Album Review: Blonde on Blonde – Rebirth

The liner notes stole my word. Fantastic Voyage’s new reissue of the 1970 LP Rebirth by Blonde on Blonde includes well-researched liners that provide context about this British (Welsh, really) progressive outfit. And lead vocalist Gareth Johnson has a unique style that the liner notes succinctly peg as “declamatory.” Sadly there’s no suitably accurate synonym, so I’ll simply have to recycle the word. Declamatory.

Like many of the psych/progressive acts that came out of the late 60s scene, Blonde on Blonde had a style informed by a wide array of influences. Yet the group’s sound is fairly straightforward, with trebly, muscular bass lines, crackling drums, lots of fuzz and reverb on the guitars, and yes, declamatory vocals.

Instrumentation, too, is rather no-nonsense. You won’t find a lot of synthesizers or Mellotrons on Rebirth: piano and organ are the keyboards here. And the melodies are, at their core — based upon traditional songcraft. But despite all that, there’s a mannered, baroque delivery to the songs, tempered with an aggressive instrumental attack that sounds like — of all things — the Who.

The rhythm guitar on “Broken Hours” sounds a lot like the sort of slashing, jangly approach Pete Townshend used on Tommy. And though the drumming is precise, there’s enough of a hint of reckless abandon to warrant passing comparison to Keith Moon.

“Heart Without a Home” is the most accessible track on Rebirth. With a droning sound redolent of jaw harp or digideroo, and a pulsing bass line reminiscent of Norman Greenbaum‘s “Spirit in the Sky,” the catchy melodic line and memorable chorus all come together to sound like a hit. But Rebirth wouldn’t be hit-bound.

“Time is Passing” heads in much more of a progressive direction, with an acoustic guitar centerpiece that calls to mind Forever Changes-era Love. And the manic opening of “Circles” sounds like a cross between the Open Mind and early King Crimson; this is heavy prog not unlike that of equally-obscure UK psych/proggers Armageddon. Oddly, this track — not “Heart…” or the relatively poppy album opener “Castles in the Sky” — was chosen as the album’s single. The shockingly overdriven (and close-mic’d) guitar solo will either please or turn off listeners; there’s no middle ground. A single edit/mix is included as a bonus track on this Fantastic Voyage CD reissue.
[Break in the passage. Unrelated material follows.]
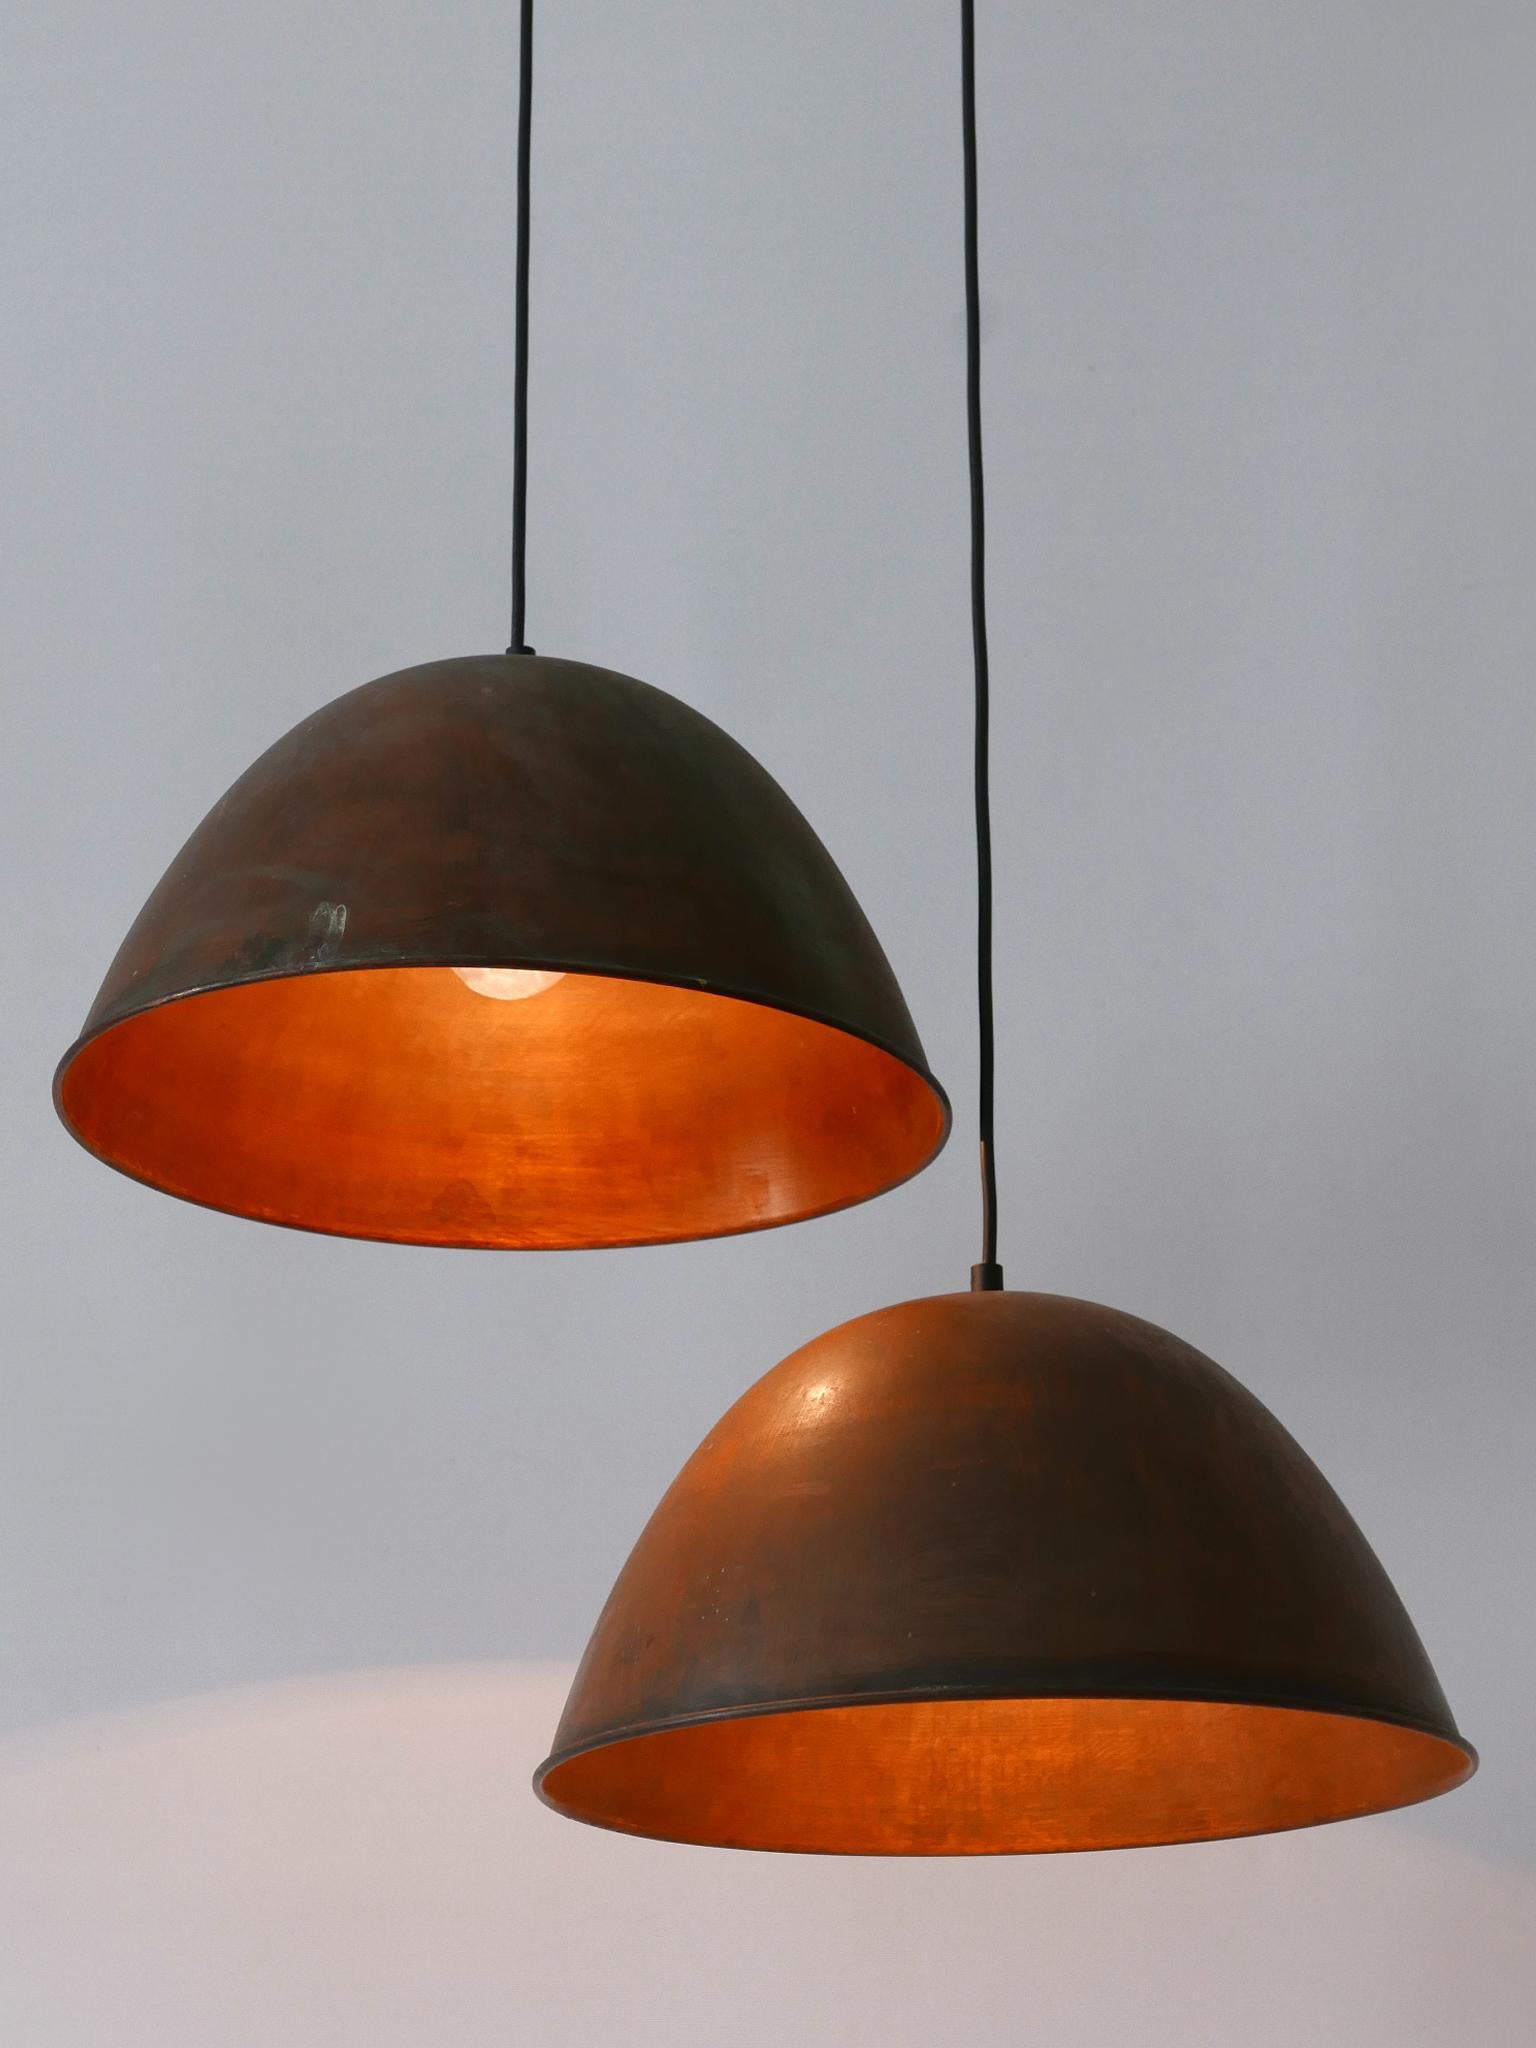 Set of Two Mid-Century Modern Copper Pendant Lamps or Hanging Lights 1950s For Sale 11

The freakbeat-y “November” is another winner, but for anyone who doesn’t appreciate Johnson’s vocal style, this is the one that will push you past your limit. A spare arrangement gives sharp focus to the instrumentation that is included.

Its twelve-plus minute runtime is a dead giveaway that “Colour Questions” is Rebirth‘s most ambitious number. Lots of shade and light here: long instrumental passages, the good old contrasts of loud/quiet, fast/slow, are all used to good effect. An especially psychedelic guitar approach has subtle hints of the Who’s “Sparks,” but the ambition of the track has more in common with “A Quick One (While He’s Away).” That said, listeners looking for the leavening effects a bit of humor might offer are advised to keep searching; it ain’t here. But “Colour Questions” is the high point of Rebirth, and a worthy exemplar of the heavy prog/psych genre overall.

Blonde on Blonde wisely ratchets the melodrama down a few notches for the album closer “You’ll Never Know Me / Release”. A bright, stately piano holds the song together. In fact, the group’s use of straight piano — rather than synths etc. — to achieve the progressive aesthetic is most effective on this track.

If you like progressive rock without all the hobbity gnomes-and-fairies trappings, preferring instead an aggressive, nearly malevolent instrumental attack, then Blonde on Blonde’s Rebirth is for you. Dig it.